ACTIVITY ▸ Write out the entries below exactly, but only from the line containing "Contoh Surat Cuti Security" through the line containing "Naler Advent Calendar", and without the pictures.

DATASET EXCERPTS ▸
>>>

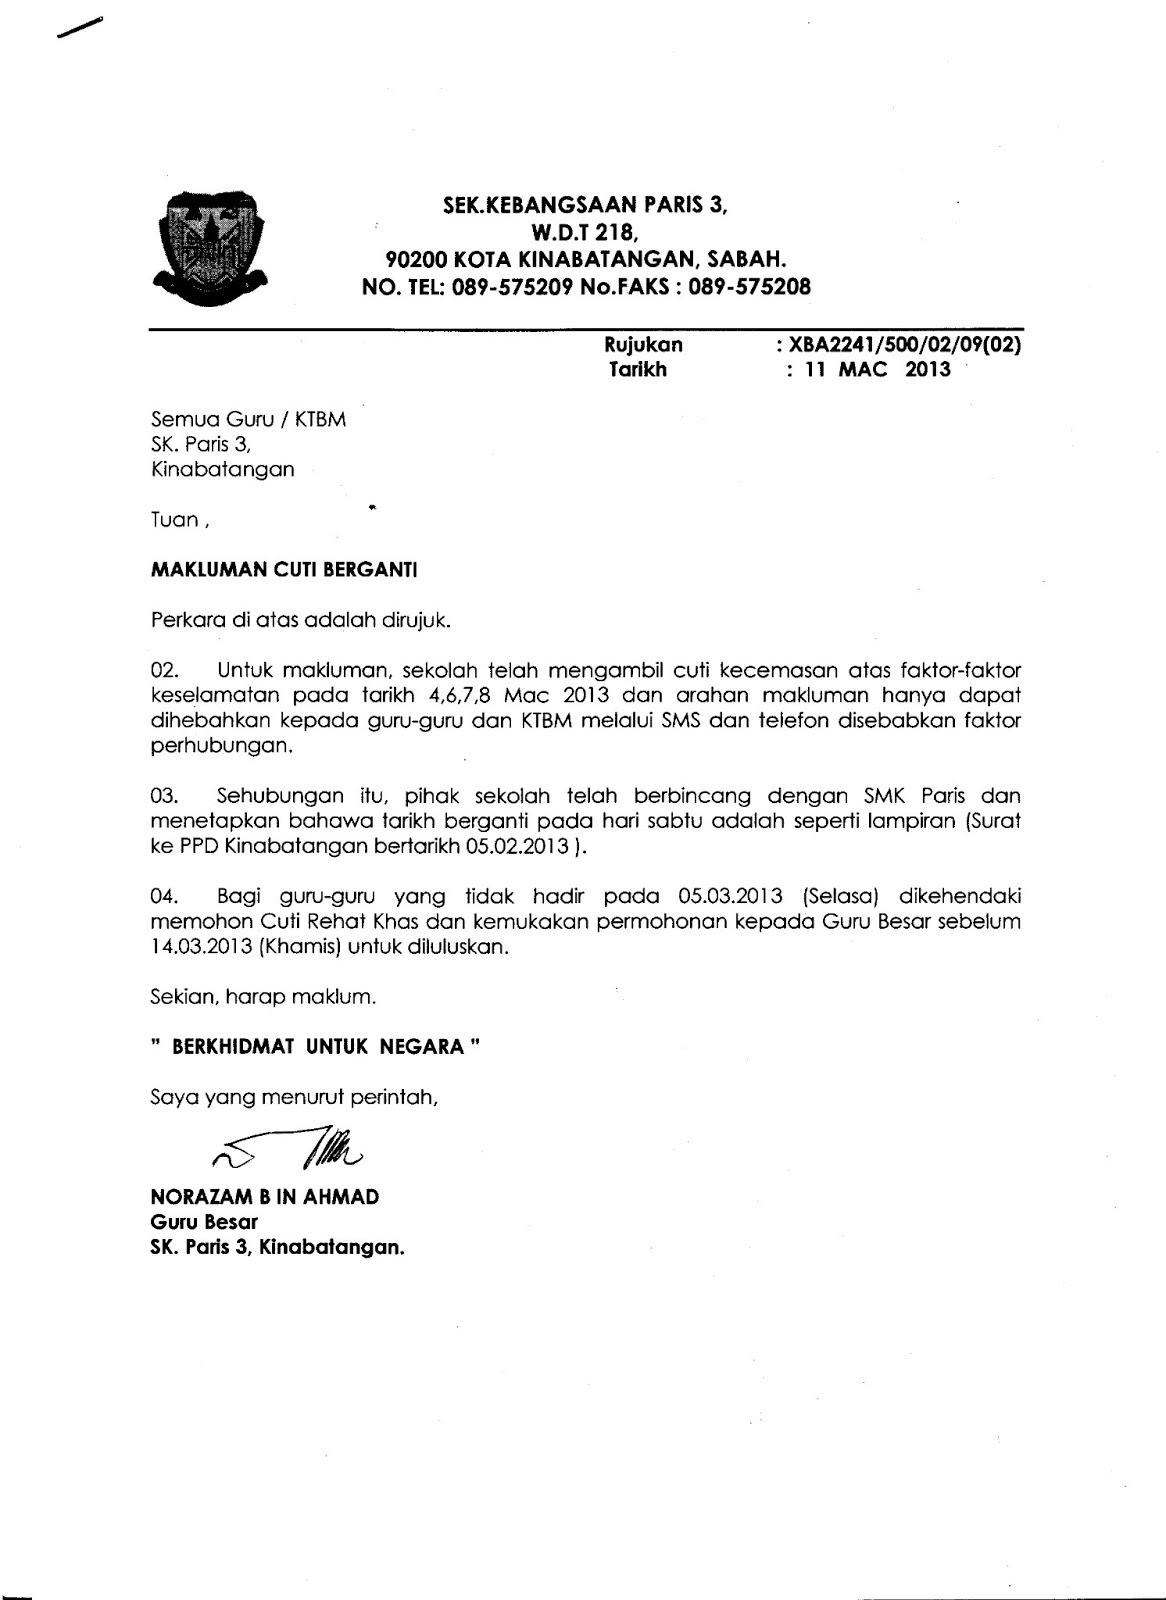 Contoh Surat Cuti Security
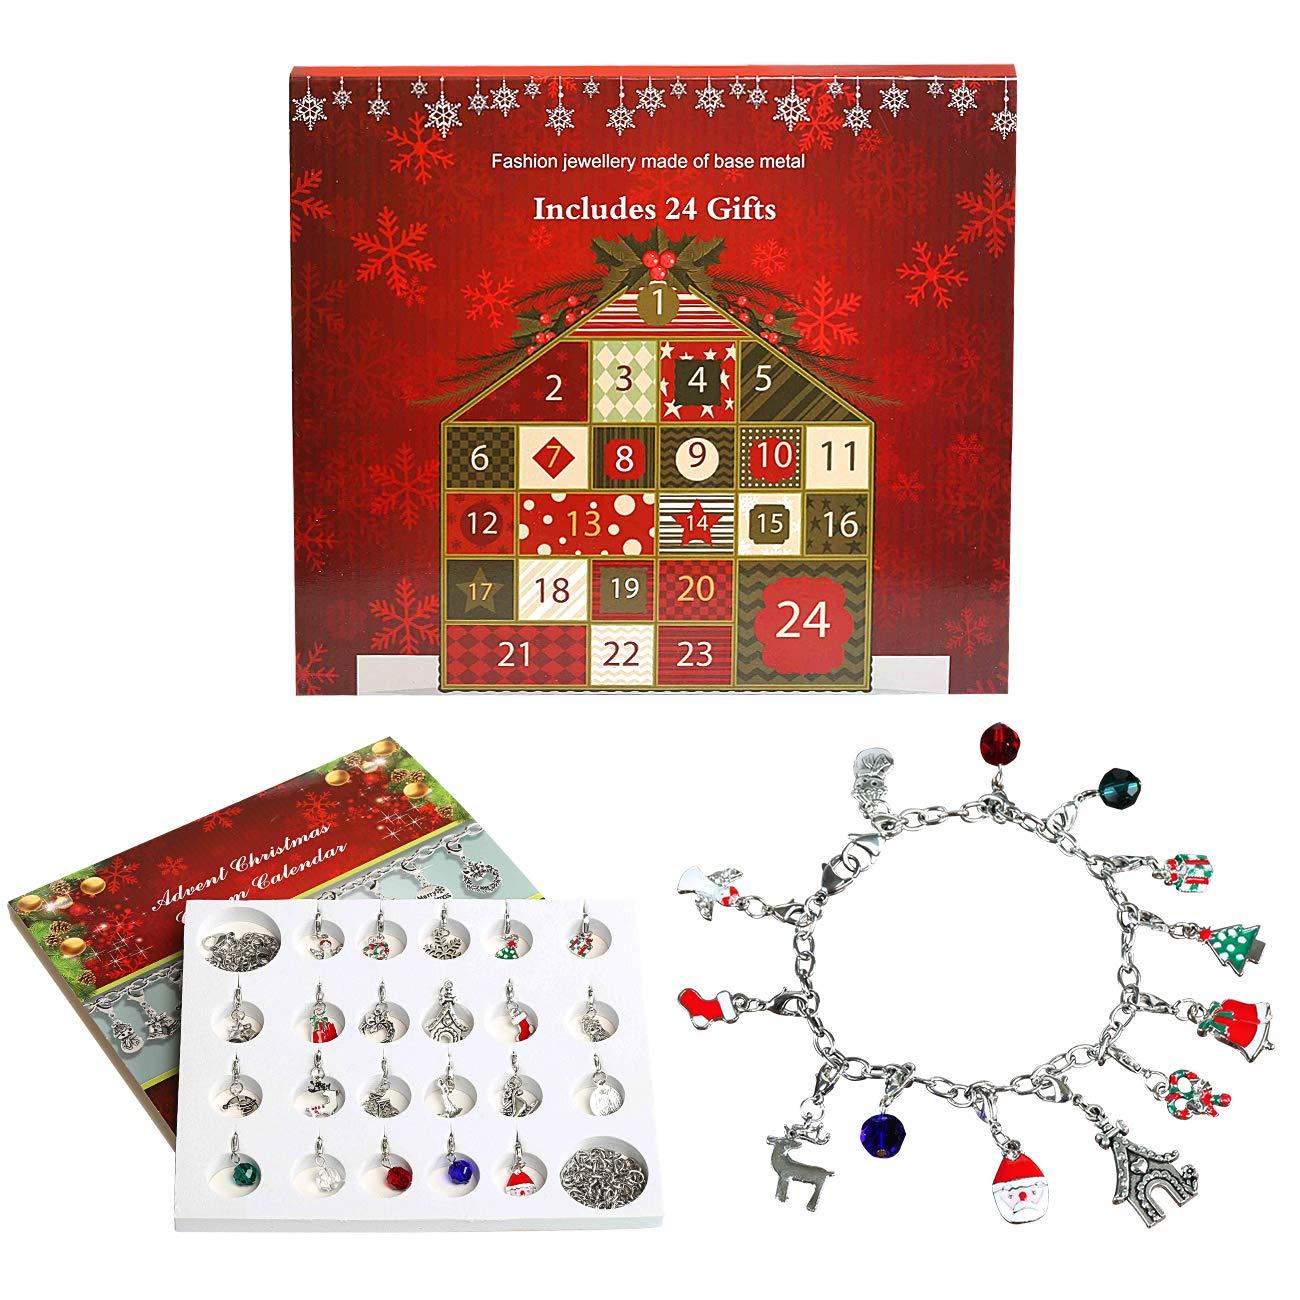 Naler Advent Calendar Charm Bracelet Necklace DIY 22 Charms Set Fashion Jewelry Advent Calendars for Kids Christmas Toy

<<<
>>>

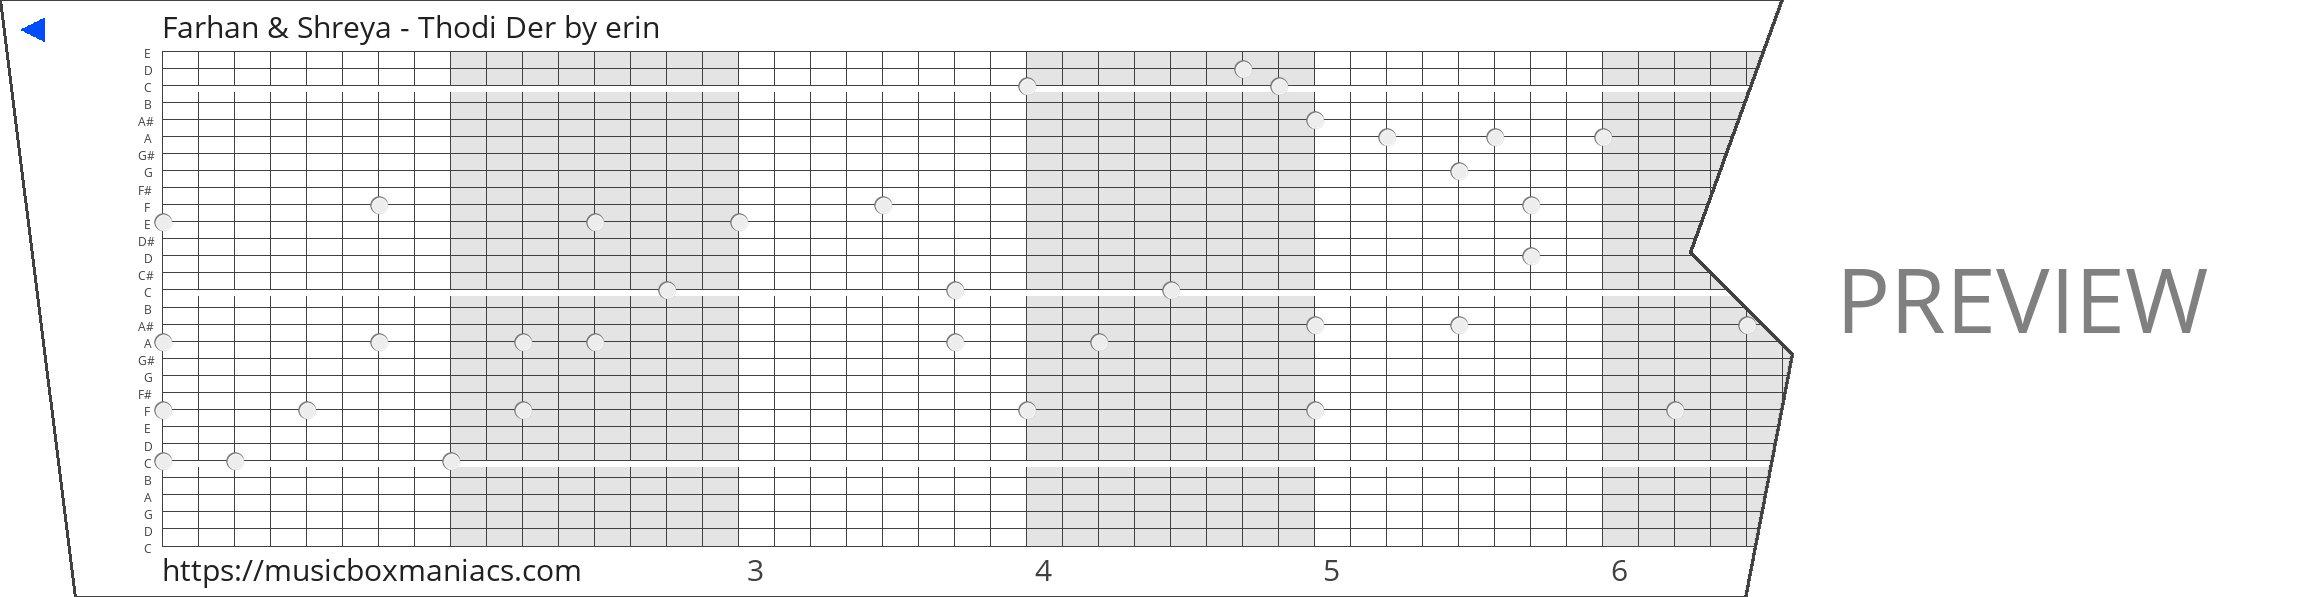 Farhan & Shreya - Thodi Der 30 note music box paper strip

<<<

EXERCISE RESPONSE ▸
 Contoh Surat Cuti Security
 Naler Advent Calendar Charm Bracelet Necklace DIY 22 Charms Set Fashion Jewelry Advent Calendars for Kids Christmas Toy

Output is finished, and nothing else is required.